Hot

6/recent/ticker-posts

Statistical Sentiment-Analysis for Survey Data using Python

Survey’s play the main part when receiving client feedback on a particular product or service one offers for the public.

Photo by Helloquence on Unsplash

Are we getting too many negative feedbacks? Why? How can we fix issues? What are we doing well and what have we improved after some time? What are the most key issues to comprehend?

Assessing responses from customer surveys and creating a report that will give us the answers to these questions is easier said than done. It may take us hours, or even days to go through all responses and find the root of a problem.

That’s when Sentiment Analysis comes up and it can help us make sense of survey responses to automatically answer questions such as:

  • How many negative responses did we receive?
  • What aspects of our product/service do customers love?
  • What aspects of our product/service do customers hate?
  • Has a particular product feature improved?
Sentiment can be Negative, Neutral or Positive

Let’s see how we can use a simple Sentiment Analysis for Survey Data and get answers for the above questions I’ve mentioned.


Using a python, Our analysis was completed on the qualitative feedback provided by clients, I have a CSV file of responses to the question “What did we do well” to a service I provide at my business.

Sentiment Analysis consists of two parts; Subjectivity and Polarity. Simply, Polarity and Subjectivity can be explained as follows:

  • Polarity — It simply means emotions expressed in a sentence, across a range of negative, to positive.
  • Subjectivity — Subjective sentence expresses some personal feelings, views, or beliefs.

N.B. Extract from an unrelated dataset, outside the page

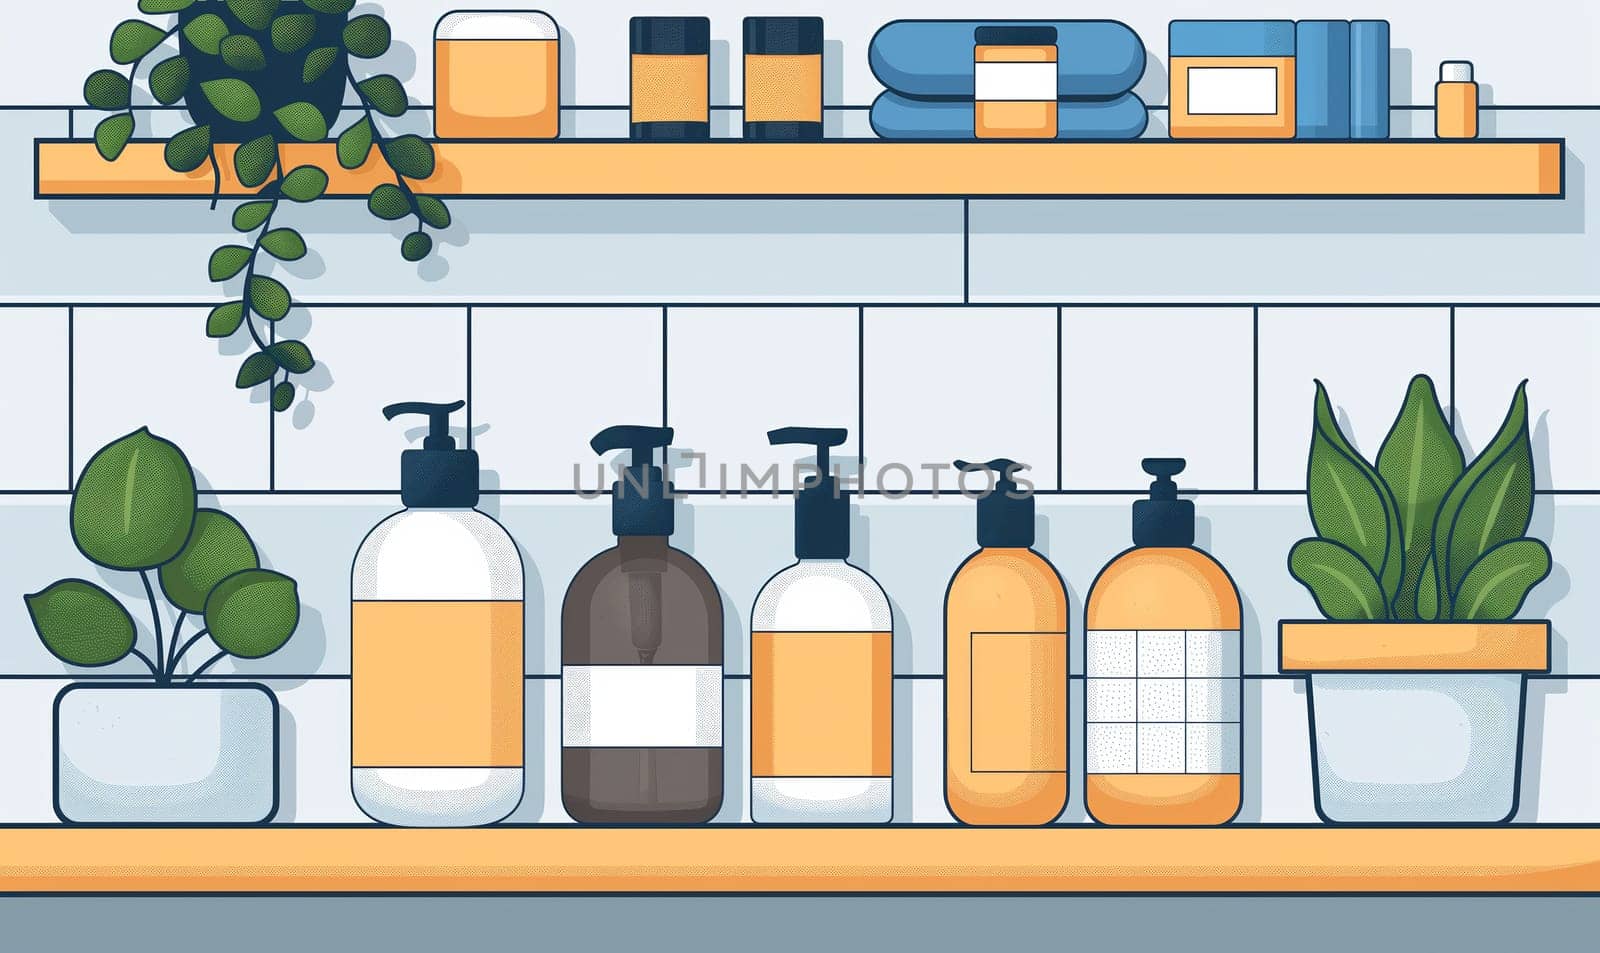 An illustration of various soap bottles. by Fischeron

So here’s a summary of what I’m going to do in the next 10–15 Minutes.

  1. I’m going to create a new CSV file by reading my existing client response file then generating Subjectivity and Polarity for each client feedback.
  2. Then I’ll plot some graphs to get an idea of how my clients are feeling. For this section, I’ll be creating
  • A Box Plot
  • Scatter Plot
  • Covariance and Correlation using Scatter Graph
  • Polarity Distribution
  • Polarity Density Distribution

3. After that, I’m eager to find out the Frequent Words they used while giving feedback.

4. Then put them into a word cloud

Alright ladies and gentlemen, Let’s go!

Photo by Jakob Owens on Unsplash

Jump into a new Jupyter notebook project and, first things first.

import pandas as pd            //Pandas
from textblob import TextBlob //For Sentiment Anlysis
from itertools import islice //Will Explain Later

Read CSV File (Q7_Text.CSV) in to a DataFrame object.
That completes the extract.